Why Prime Time's Now Your Time

The job commute may be a daily headache for most, but it's the favorite part of the day for Verizon Wireless. Why? Evening rush hour--4 to 7 p.m.--is prime time on its V Cast Internet service, when captive audiences in cars, buses and trains dial up a flood of streaming videos to while away the miles. Three to 5 p.m. is the peak of prime time for video at AOL. Time Warner Cable's video-on-demand channels peak on weekends from 8 a.m. to 1 a.m. "It's a terrific alternative to lackluster network-TV offerings," says Bob Benya, the company's chief of video on demand.

Broadcast television's prime time as we know it is fading. Since the industry's formative years in the 1950s, the powerful medium has revolved around initially four but now three nocturnal hours, from 8 to 11 o'clock. Mass audiences would settle in for appointment entertainment. Prime time dominated broadcast economics, produced memorable pop-culture moments (Who shot J.R.?) and, as the broadest forum for advertising, propelled modern consumer society. But in a media landscape now increasingly aglow with online video, prime time is essentially any time. Empowered by the Internet and digital video recorders, massive numbers are resetting their TV clocks. Viewership is beginning to spike during daylight hours, when videos are streamed or downloaded to office computers, laptops, iPods and cell phones. Daytime, says reality-TV king Mark Burnett, is "the new prime time."

Industry experts say these changes could affect, among other things, scheduling, programming and ad pricing. NBC acknowledged prime time's shifting nature just last week. The network, which is trying to dig out of fourth place, announced plans to air more cheaper-to-produce reality shows and games at 8 p.m. in place of costly sitcoms and dramas. "Nobody can afford three hours of expensive prime-time programming," Jeff Zucker, CEO of NBC Universal, told NEWSWEEK, expressing a view his rivals dismiss. And with the rise of streaming and downloaded video, he added, network execs must stop counting only viewers who catch a show at, say, 9 o'clock on NBC and start noting "how many watched it in all of its incarnations."

That number is in the millions. In just 10 days recently, Burnett's reality series "Gold Rush" generated 7 million streams at AOL, its exclusive home. The peak hour: 4 p.m. That would make it a respectable hit on television. NBC.com counted 2 million streams of the network's new prime-time shows, including "Heroes," in the first week of making them available online. Daytime streaming on PCs accounts for the vast majority of all Internet video. Some 70 percent of streaming at home is done when the sun is out, and more than eight of 10 videos at work stream during daytime, according to data prepared for NEWSWEEK by comScore, a digital measuring service.

Although the networks' share of primetime audiences has been shrinking since the rise of cable, roughly half of all television homes still tune in between 8 o'clock and the late local newscast. And at least $9 billion of ads air then. Yet every major broadcast network hastens to note that the audience for a show generally grows once the programming is made available for digital streaming. Like its rivals, CBS streams its prime-time hits, including "CSI" and "Survivor," on its Innertube site. But speaking at an industry gathering last week, CBS Entertainment president Nina Tassler said that prime time remains the "epicenter" of CBS's programming. "Prime time isn't going away, it's just being redefined," says Mike Bloxham, director of insight and research at Ball State University's Center for Media Design.

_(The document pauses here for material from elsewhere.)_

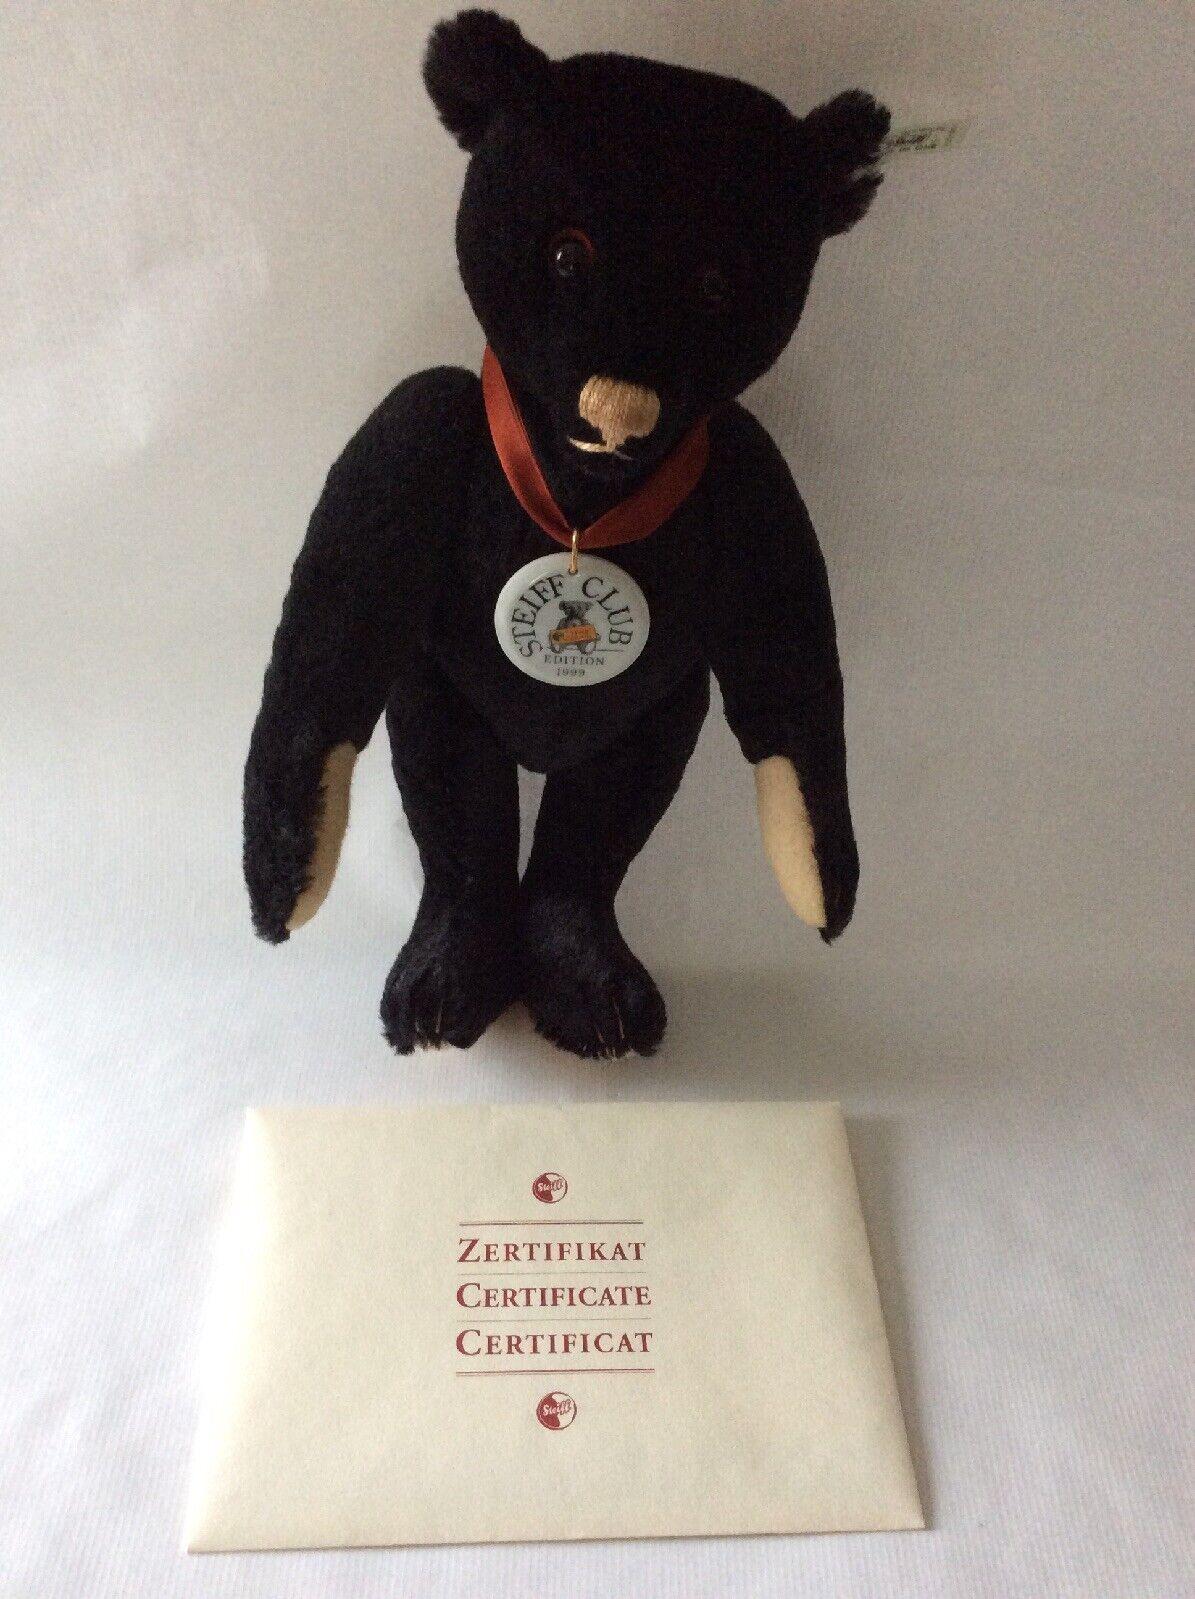 Steiff Club Edition 1999/2000 1912 Replica Schwarz 35 Mohair Teddy Bear

Noon has been pinpointed as the absolute peak of Internet prime time. "Noon is when everyone feels liberated to indulge," says Hunter Walk, product manager of Google Video, which soon will be bolstered by Google's $1.6 billion purchase of YouTube. Is streaming the new coffee break? Or is the office audience merely downloading and transferring videos to portable devices to watch later? Either way, experts are identifying an emerging pattern dubbed "session viewing," says Bloxham. "People are stockpiling and watching a number of episodes in a row." The trend may be the final stake in the heart of television as a communal experience.

Not everyone buys into the notion of a new prime time. Some network executives won't even acknowledge peaks in online viewing. Others believe that any notion of prime time will vanish as the market continues to expand and viewing patterns flatten across the entire day.

Although raw counts of video streams are available from third-party Web-measuring services, video sites are just beginning to determine the makeup of their audiences. The industry will make huge leaps next year in "breaking down the audience and at geographic and demographic targeting," says Kevin Conroy, a top AOL exec. "No one thought the [online video] market was going to happen so fast." AOL and others aren't completely in the dark. Everyone knows, for example, that office workers account for most of the streams, and the majority are 18 to 34 years old. "People have [Web] access at work, where it's really truly high-speed," says Greg Stewart, CEO of the Interactive Advertising Bureau.

Video services say programming, scheduling and ad sales could change a lot as a result of emerging viewership patterns. Audience data, says CBS digital chief Larry Kramer, "will enable us a year from now to sell ads more strategically." We can't wait.